De notre correspondante à Jérusalem,
Mahmoud Abbas va-t-il « lâcher une bombe » lors de son discours à l’ONU, comme il l’a laissé entendre il y a quelques semaines ? Annoncer la fin des accords de paix d’Oslo ? L’arrêt de la coopération sécuritaire avec les Israéliens ? Ou même sa démission pure et simple de l’Autorité palestinienne ?
Lassé par le blocage total du processus de paix avec Israël et par le désintérêt de la communauté internationale, Mahmoud Abbas pourrait provoquer un électrochoc.
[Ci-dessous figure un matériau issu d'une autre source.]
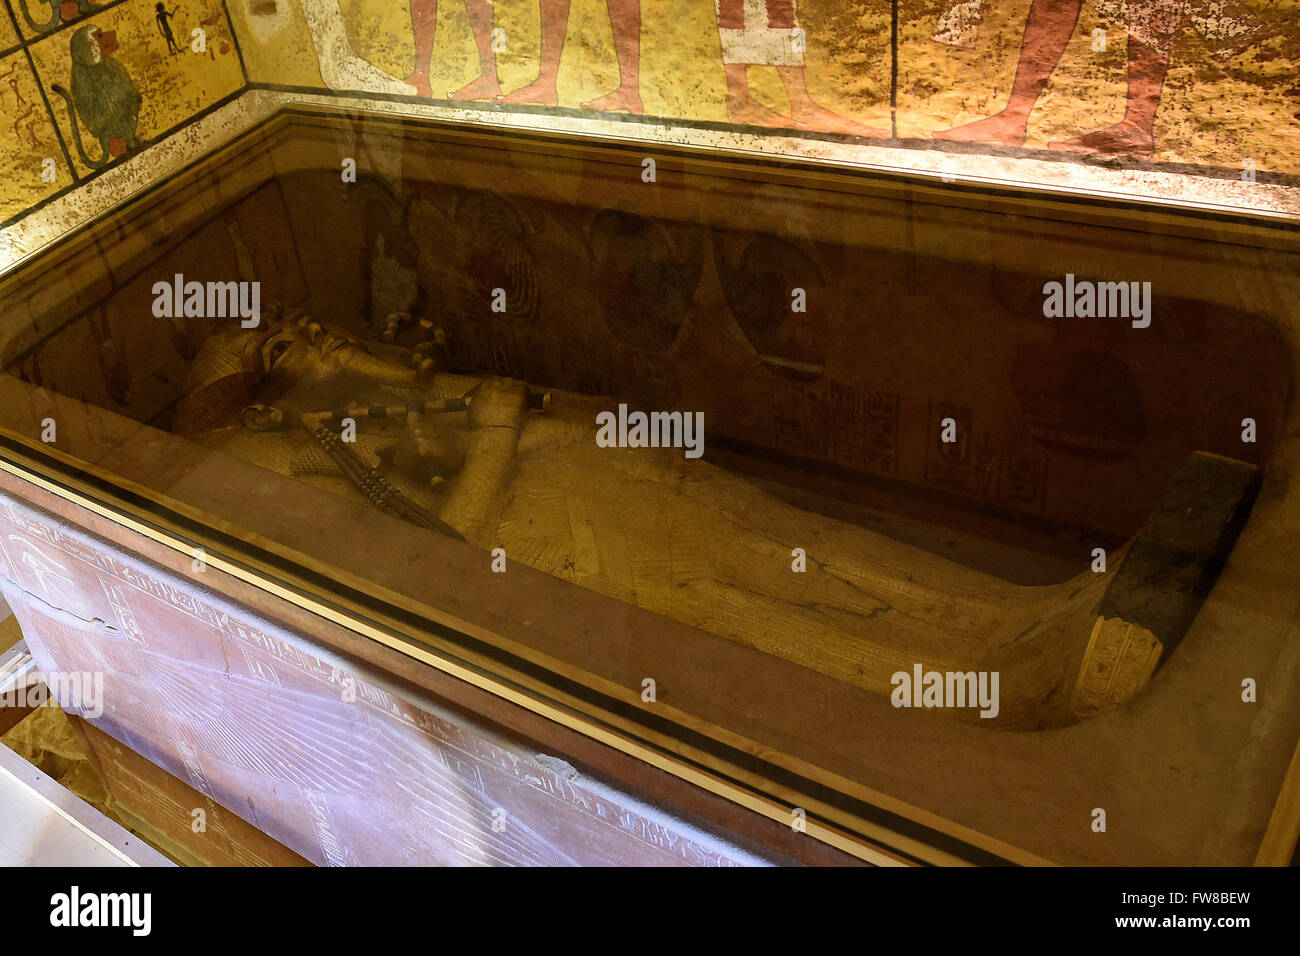 Luxor. 1. April 2016. Foto aufgenommen am 1. April 2016 zeigt den goldenen Sarkophag König Tutankhamun in seiner Grabkammer in das Tal der Könige, Luxor, Ägypten. Ägyptischen und ausländischen Archäologen abgeschlossen Freitag einen umfangreicheren Scannen-Vorgang der beiden neu entdeckten versteckten Kammern hinter König Tutankhamun Grab im Tal der Könige in Ober-Ägypten-Luxor-Stadt. Die Kammern werden geglaubt, um letzten Platz der Königin Nefertiti aufliegen spielte eine wichtige politische und religiöse Rolle in Ägypten in das 14. Jahrhundert v. Chr. © Zhao Dingzhe/Xinhua/Alamy Live News Stockfoto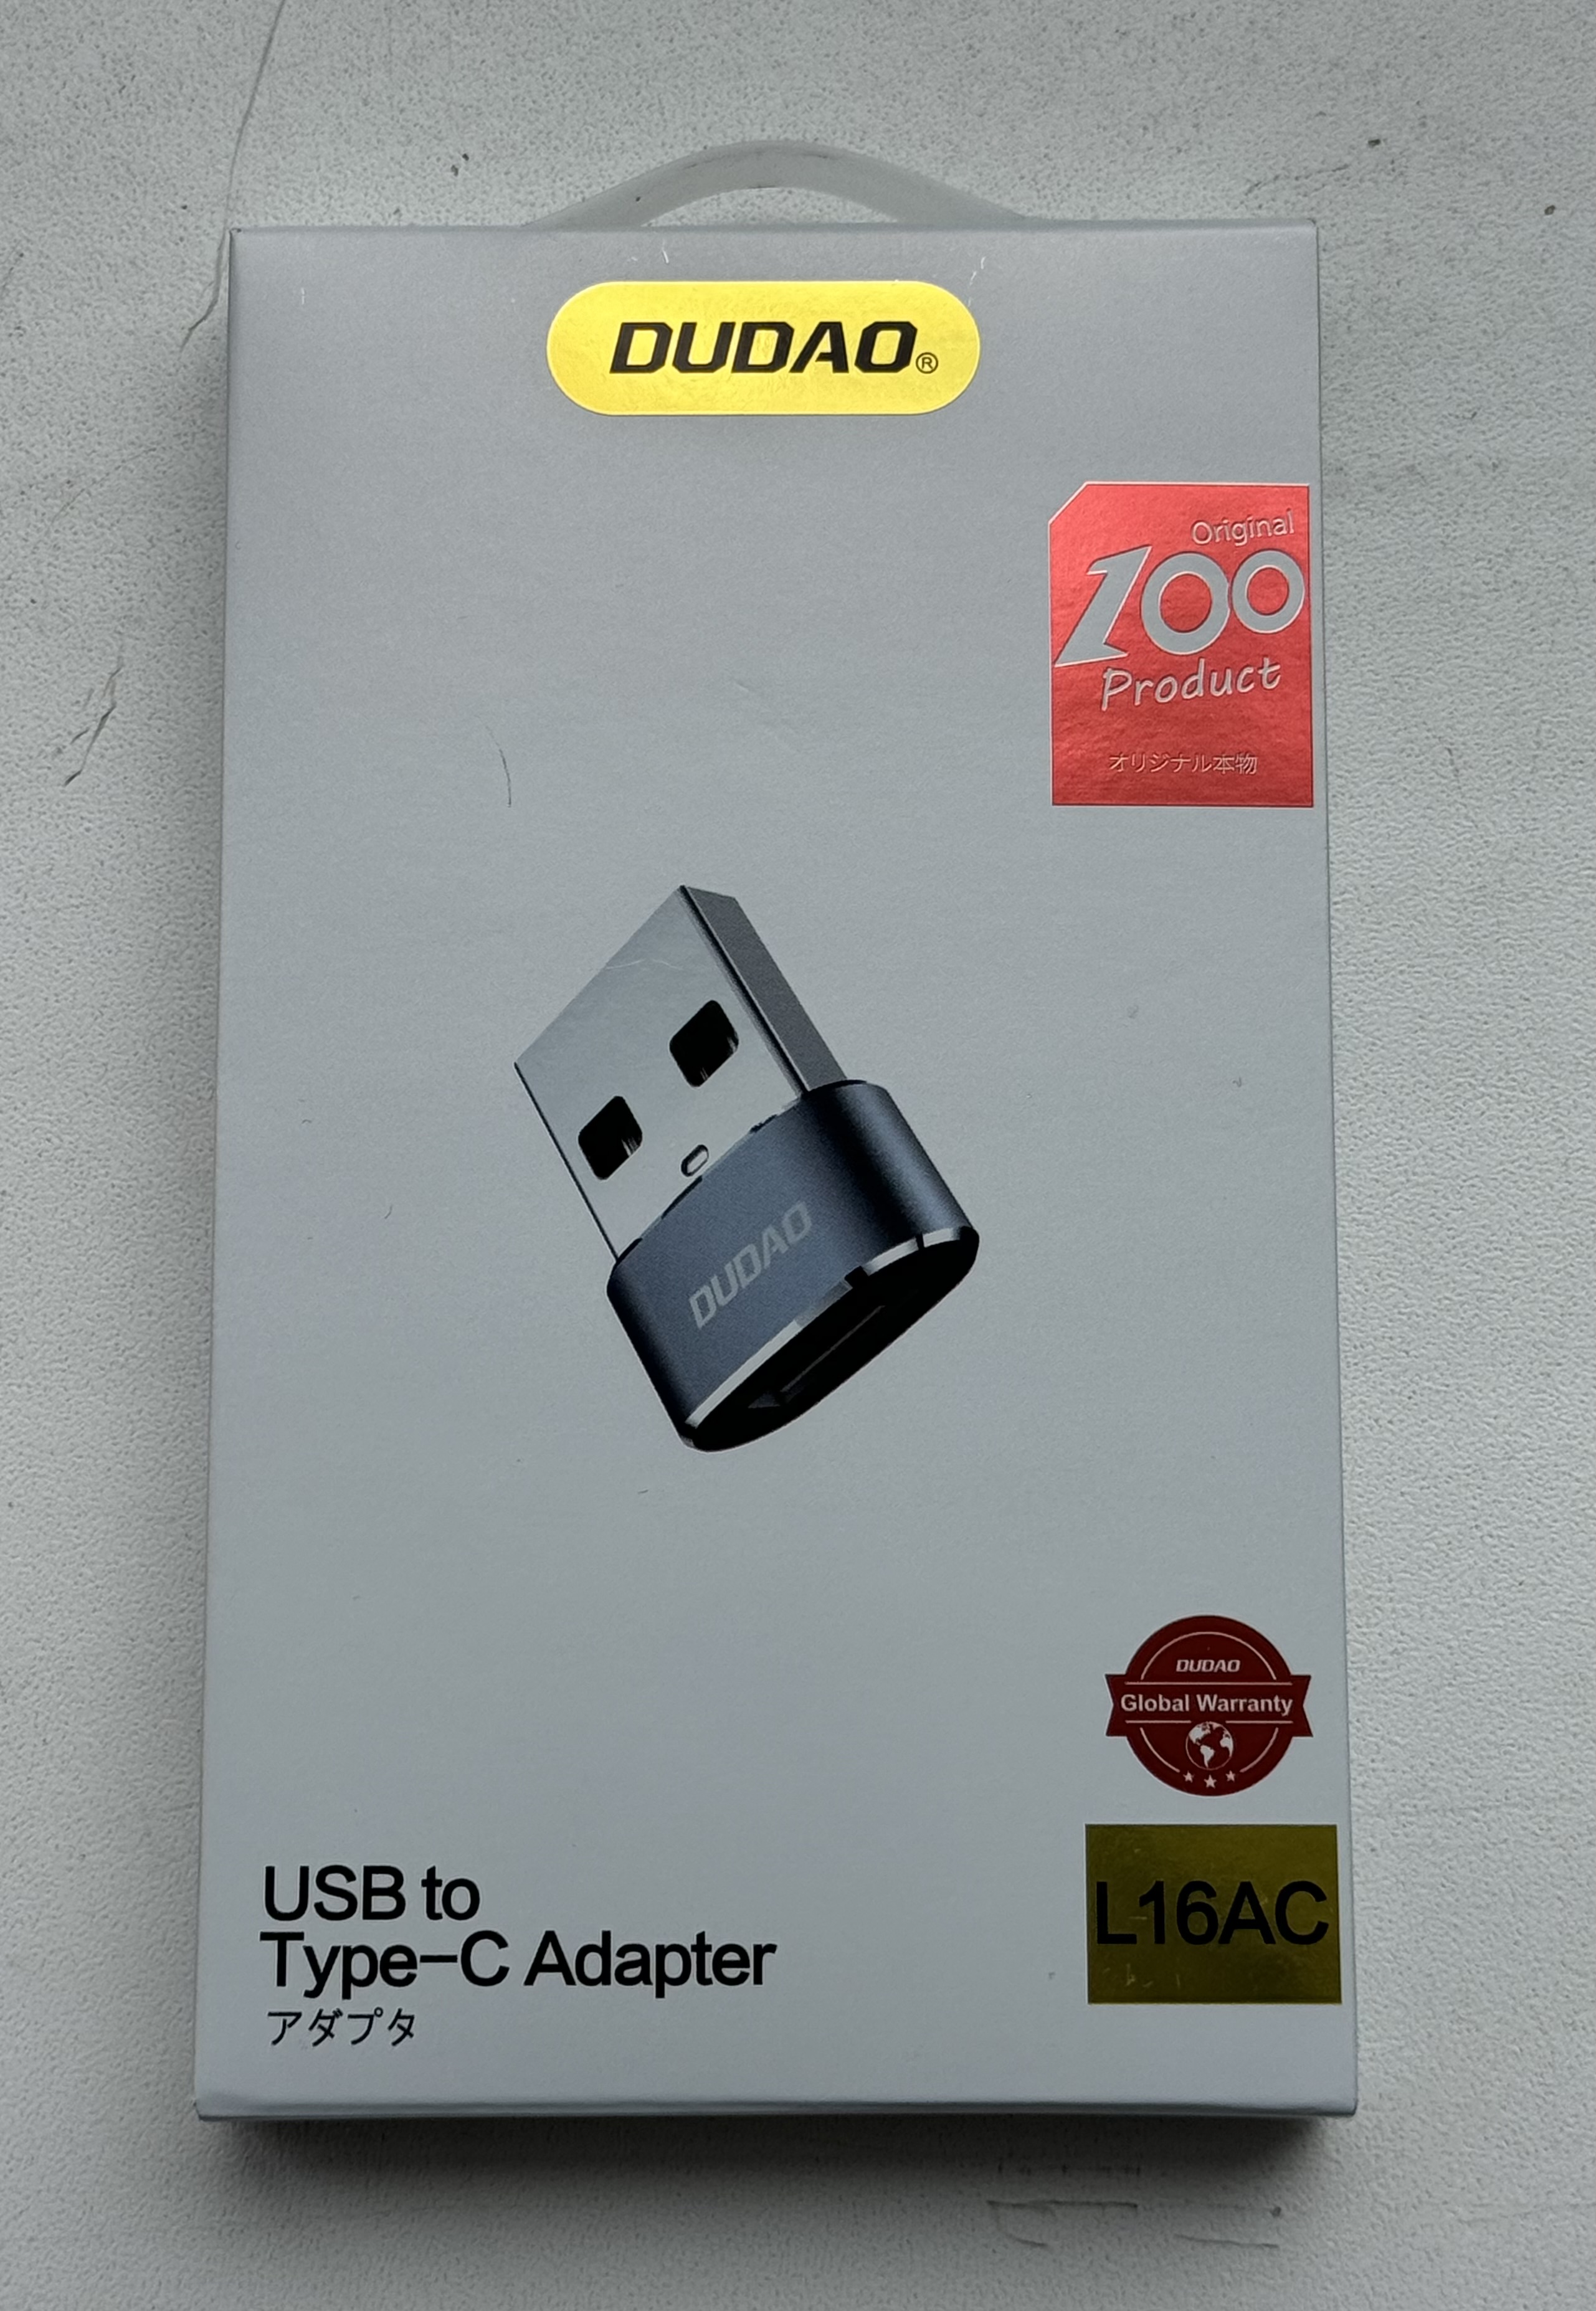 Adapteris USB to Type-C L16AC

Pourtant, nombre de spécialistes en doutent. « Je ne pense pas qu’il annoncera des mesures choc dans l’immédiat, il devrait se contenter de déclarations d’intention », prédit Khalil Shikaki, directeur d’un institut de sondage palestinien.
A 80 ans, dont dix passés à la tête de l’Autorité palestinienne, Mahmoud Abbas est dans l’impasse. Il ne se sent pas soutenu par la communauté internationale et il est très contesté sur le plan intérieur. Selon une récente enquête d’opinion, deux tiers des Palestiniens veulent sa démission.
Les Palestiniens ne se sentent pas protégés
« La stratégie choisie de longue date par Mahmoud Abbas de la non-violence et de la négociation avec Israël a fait long feu, analyse François Ceccaldi, chercheur à l’Institut français du Proche-Orient. En pratique, la colonisation israélienne continue, les démolitions de maisons et les déplacements de populations aussi. »
Pire, un certain nombre de Palestiniens accusent leur président de « collaborer » avec les Israéliens, en maintenant la coopération sécuritaire avec eux. Ils ont l’impression que « la coopération sécuritaire sert davantage les intérêts des colons israéliens », selon François Ceccaldi.
Le drame de Douma, où une famille palestinienne a été décimée par un incendie criminel imputé à des extrémistes juifs le 31 juillet dernier, a renforcé leurs craintes. Les responsables n’ont pas été inculpés et les Palestiniens ne se sentent pas protégés.
Démissionner ? Une option, mais pas maintenant
Mahmoud Abbas pourra-t-il redresser la barre ? « Oui, affirme Khalil Shikaki, s’il prend des mesures fortes comme porter plainte contre Israël devant la Cour pénale internationale sur la colonisation, ou s’il scelle la réconciliation avec Gaza, il pourrait améliorer sa popularité. »
Et démissionner ? Une option souvent brandie par l’intéressé lui-même. « Je pense qu’Abbas est assez déçu et désabusé pour quitter l’Autorité palestinienne, estime Ashraf Ajrami, ancien ministre palestinien et analyste politique. Mais il choisira le moment opportun. Parce que son parti, le Fatah, n’est pas encore prêt pour un tel changement et le pouvoir palestinien non plus. »
En attendant, Mahmoud Abbas doit faire avec la colère de la rue. Les manifestations de jeunes Palestiniens se multiplient contre l’occupation israélienne. Les récentes violences autour de l’esplanade des Mosquées, suite aux provocations de juifs extrémistes, font craindre un embrasement. Selon le sondeur Khalil Shikaki, 57 % des Palestiniens se prononcent aujourd’hui pour un retour à la lutte armée, un chiffre jamais atteint depuis l’an 2000 et le début de la deuxième intifada.